В таких приключениях прошло все 3-е августа. К вечеру на бивак потянулись подводы с накошенной травой и целые возы с топливом для костров. Уже мало находили сухих ветвей в окрестном кустарнике, все труднее и труднее добывались дрова. Вопрос о топливе начал беспокоить начальника отряда: не хватит дров, придется переменить бивак, двинуться вперёд, а между тем необходимо подождать артиллерийский парк. Счастливый случай помог вывернуться. 4-го августа начальник отряда открыл огромное количество совершенно готовых дров, сложенных китайцами уже давно для потребностей строителей железной дороги. Дров могло хватить на очень долгое время. Отряд был вполне обеспечен и вот в приказе появилась такая статья:

«На левом берегу реки Унур-гол, протекающей на левом фланге бивака, верстах в трёх от такового под сопкой, что за кухнями, лежать сложенными напиленные дрова; предлагаю немедленно сделать наряд подвод и людей от каждой части и привезти на бивак дров для потребностей казаков и кухонь».

Покончив с розыском дров, начальник отряда подошёл к повозкам транспорта, приготовленного для отправки в Хайлар. Так как транспорту пришлось бы двигаться по весьма дурной дороге, переходить ручьи с иловатым дном, а также некоторые топкие места, то китайскую пушку разобрали, причём тело орудия было снято с лафета и положено на отдельную повозку, а остальные трофеи разложили по другим повозкам. [202] Повозок было много, вследствие чего больных и раненых можно было класть по одному на каждую двуколку. Нельзя сказать, чтобы их уложили очень хорошо. Транспорт выступал рано, взялись за подготовку больных и раненых довольно поздно, а следствием явилась спешка. Вот почему и укладка оставляла желать, многого. Даже травы под них не было положено достаточно. Впрочем, у всех повозок сделали верх, чтобы защитить от солнечных лучей.

День был прохладный. Начальник отряда обходил каждого раненого, расспрашивал его о том, при каких обстоятельствах и куда он был ранен, каково семейное положение, из какой станицы, в заключение говорил несколько подбадривающих слов, и надо было видеть с какой благодарностью эти простые, но верные своему долгу люди принимали подобную немудреную ласку.

— «Ваше превосходительство»! — говорил один раненый казак: «мне холодно!».

— «Что же это?» — волновался генерал, обращаясь к врачу: «вы не могли позаботиться, чтобы как следует прикрыть казака!».

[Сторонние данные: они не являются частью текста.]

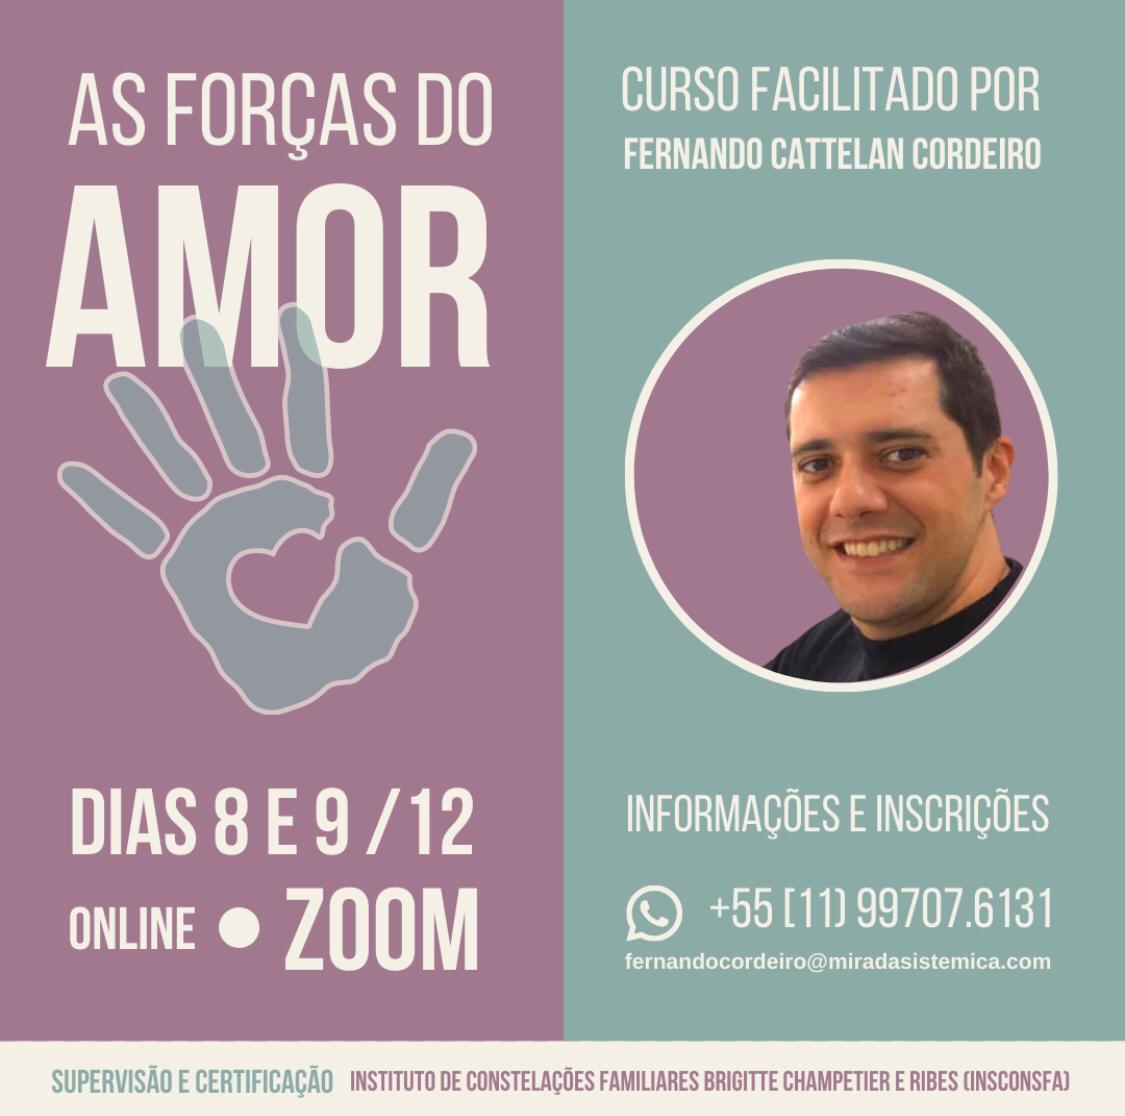 As forças do Amor_online_Fernando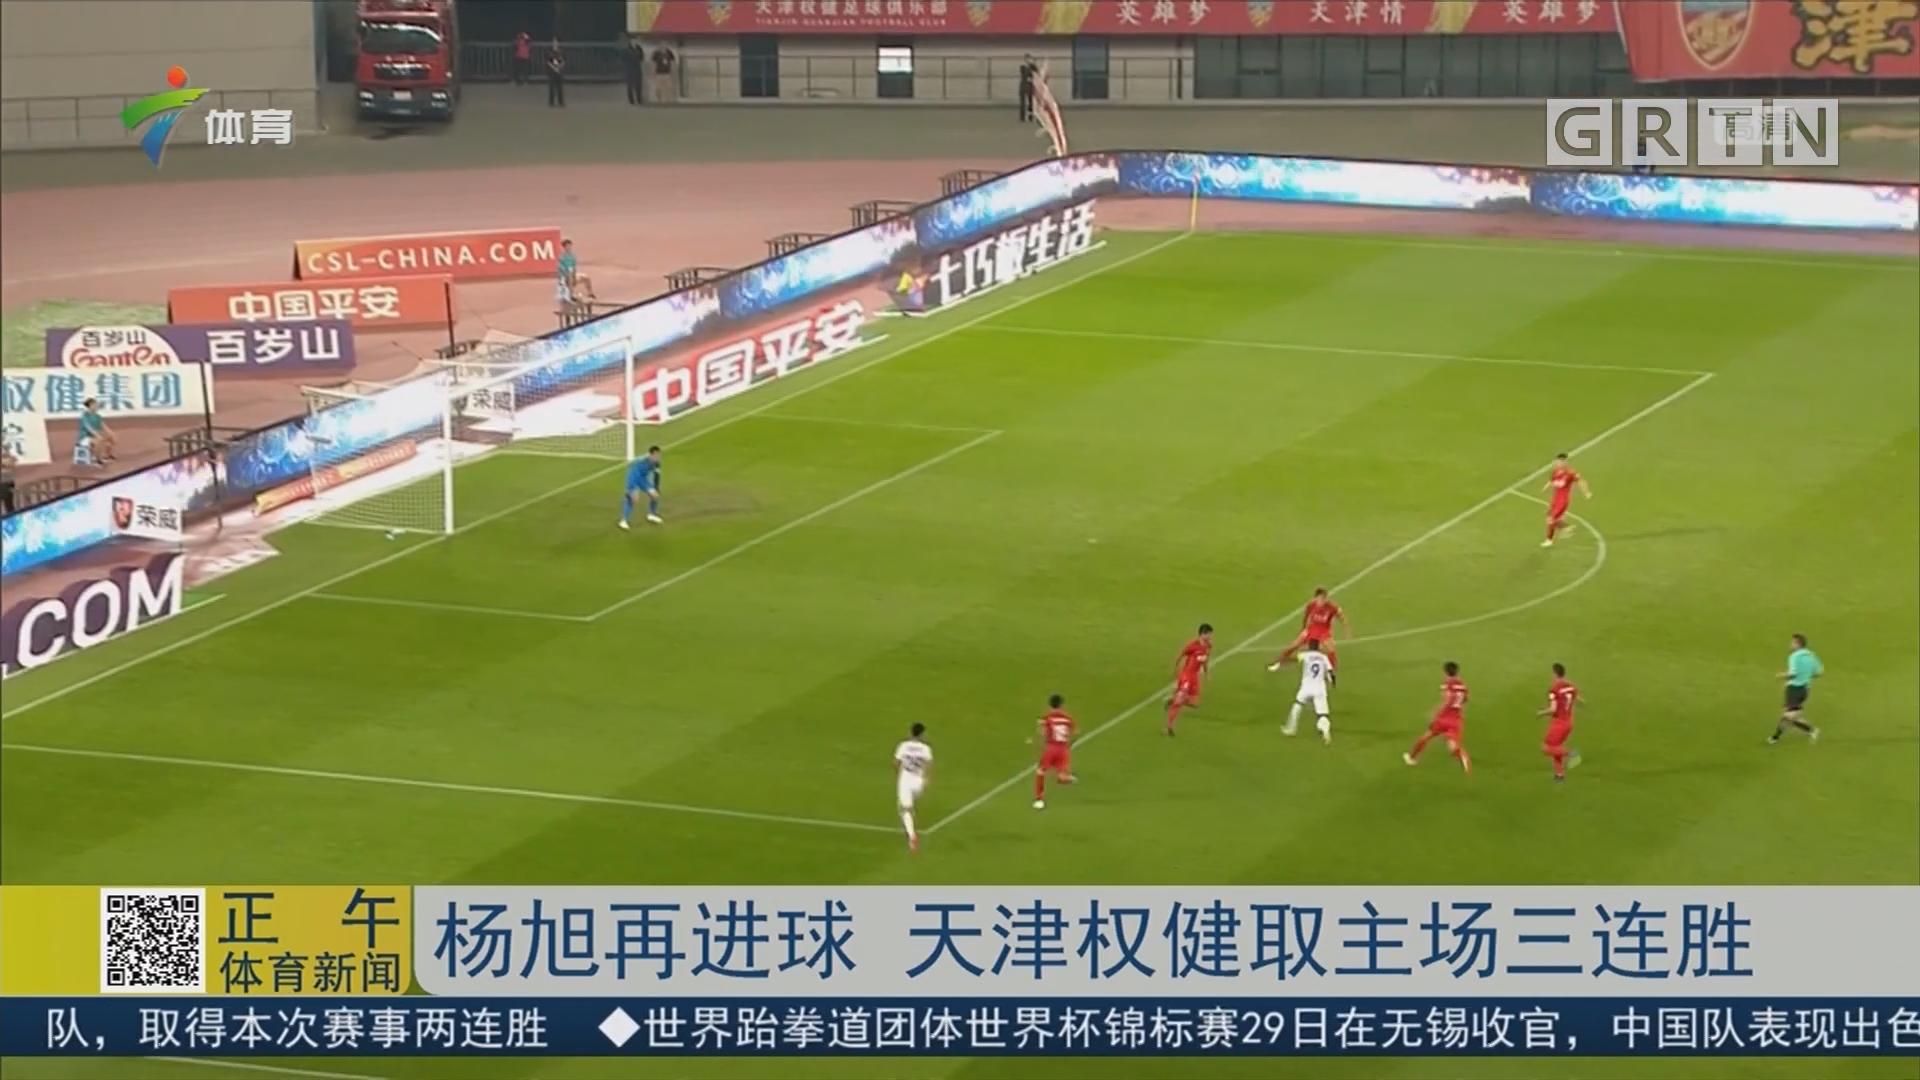 杨旭再进球 天津权健取主场三连胜

— «Помилуйте, ваше превосходительство!» — возражал врач: «здесь вся его одежда; ведь это не солдат, у казака казённого ничего нет, откуда же ему взять что-нибудь?».

— «Эх, Боже мой! кто захочет, тот найдёт, надо подумать, немножко. Давайте сюда пустые мешки из-под провианта!».

Появились мешки в огромном количестве, Подложили их снизу, сверху и с боков, и стало казаку тепло. Наконец, все готово. Транспорт тронулся. С сожалением станичники расстались со своими товарищами. Но вечером предстояло расставание еще более тяжелое.

В Верхнеудинском полку скончался казак, раненый 1-го августа в сражении при Якши. Надо было его похоронить. Печально раздавались звуки жиденькой музыки нескольких трубачей, сопровождавших носилки, на которых покоился храбрый воин, теперь уже совершенно окончивший свою службу Царю и отечеству. Недалеко от дороги как-то одиноко расположилась свежевырытая могила. Около стоял полк в пешем строю и отдельно взвод, вооруженный китайскими ружьями (это почетнее, да и русские патроны не расходуются), предназначенный для отдания последней почести покойному. Панихиду пели офицеры под руководством сотника Воронина. За душу хватало это [203] пение, раздававшееся посреди суровой, негостеприимной страны, удаленной на огромное расстояние от бедной, но милой станицы. Его возвращения там еще ждут, но скоро перестанут ждать. Придёт бумага в казённом конверте и разрушить все надежды семьи на скорую помощь дорогого работника.

Когда запели этот чудный мотив: «Молитву пролию ко Господу», то видно было, что многим офицерам не по себе. Только суровые загорелые лица казаков выражали как бы совершенное равнодушие и спокойную покорность судьбе. Однако и они чаще стали креститься, вперебой наклонялись головы в шеренгах. При пении — «Со святыми упокой», все, как один, стали на колени. Истово крестились станичники, когда давали последнее целование, прощаясь с товарищем. При опускании тела в могилу раздались три залпа. Гул выстрелов прокатился по соседним горам. Начальник отряда бросил в могилу три больших лопаты земли и передал инструмент командиру полка. Вставили небольшой деревянный крест. Заработали лопаты казаков и через четверть часа насыпь была сделана. Полк прошёл повзводно церемониальным маршем. Смешно сказать: даже на войне все заканчивается у нас церемониальным маршем.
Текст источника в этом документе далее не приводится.